Problem statement:
Since only part of the material below is wanted, output exactly the lines from the one with "Indeed Allah knows" up to and including the one with "Angelus Courtyard paver".

Exercise material:
§ §
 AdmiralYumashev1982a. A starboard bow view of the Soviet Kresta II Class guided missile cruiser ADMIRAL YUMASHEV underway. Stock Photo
§ §
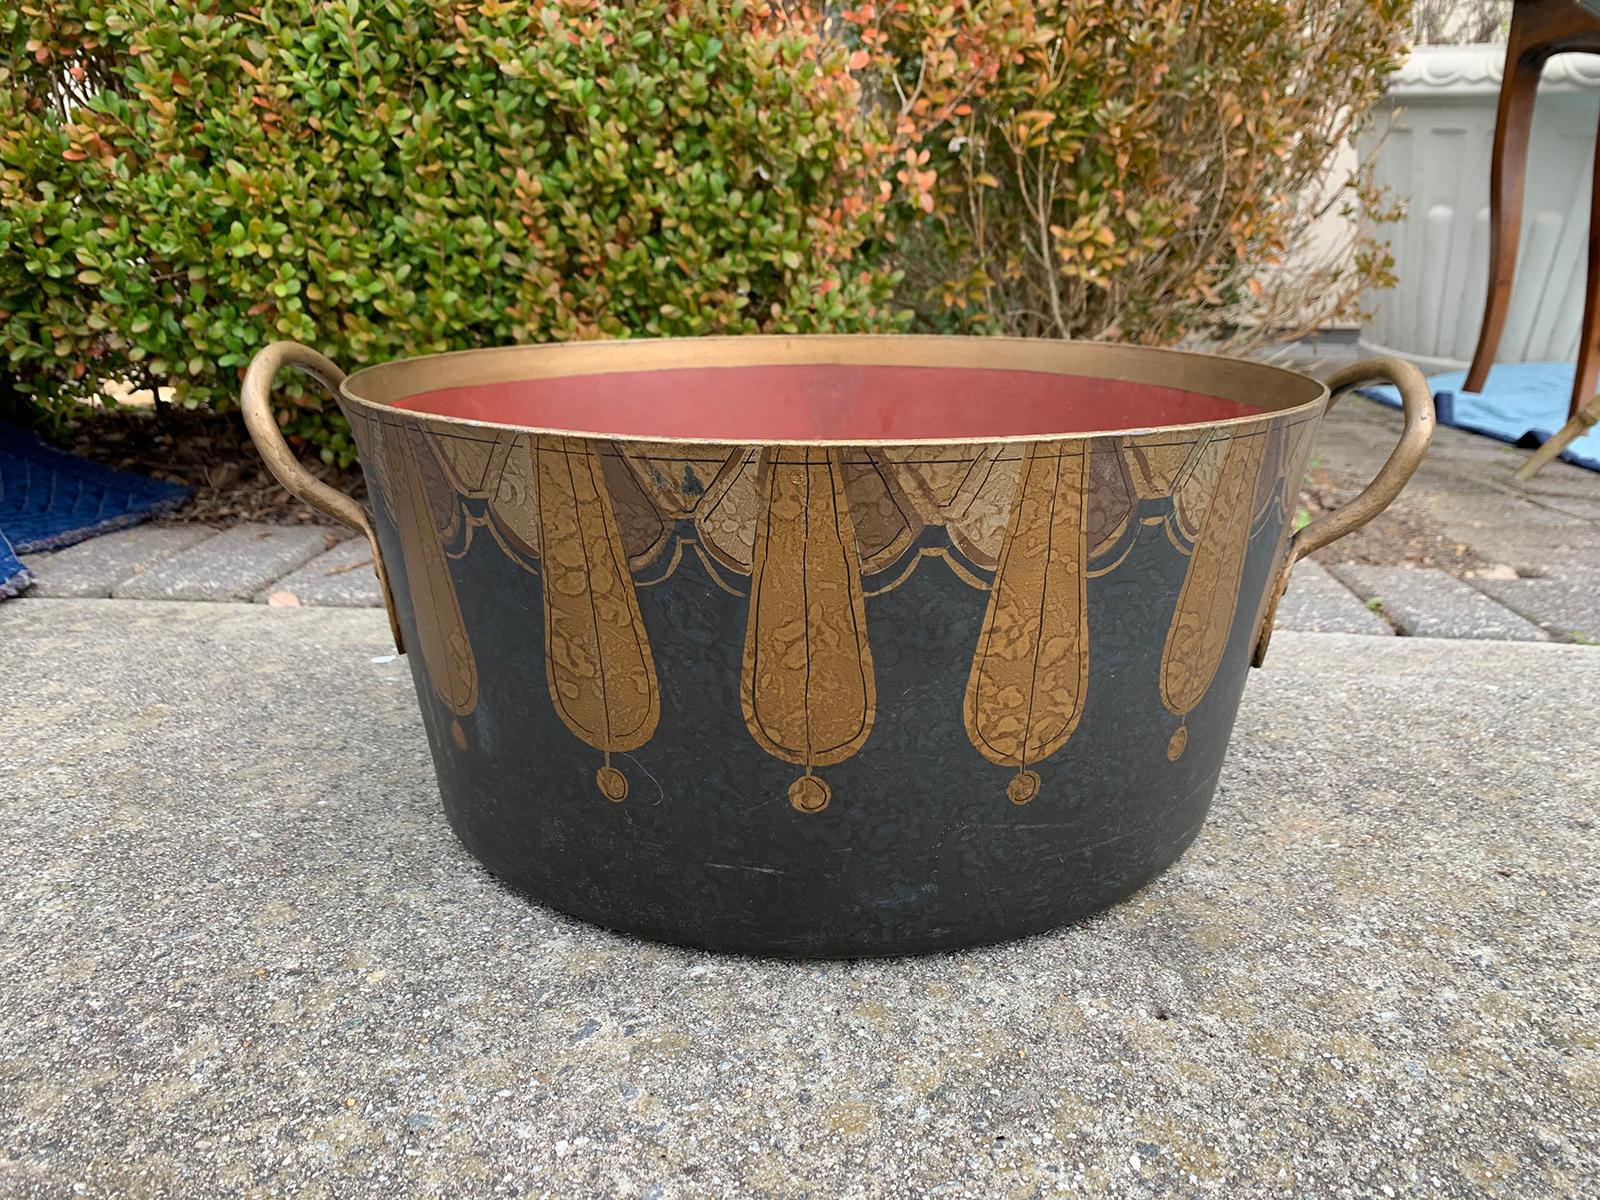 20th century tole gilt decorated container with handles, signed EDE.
§ §
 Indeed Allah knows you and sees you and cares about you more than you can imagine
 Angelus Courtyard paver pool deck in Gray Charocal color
§ §
Exercise response:
 Indeed Allah knows you and sees you and cares about you more than you can imagine
 Angelus Courtyard paver pool deck in Gray Charocal color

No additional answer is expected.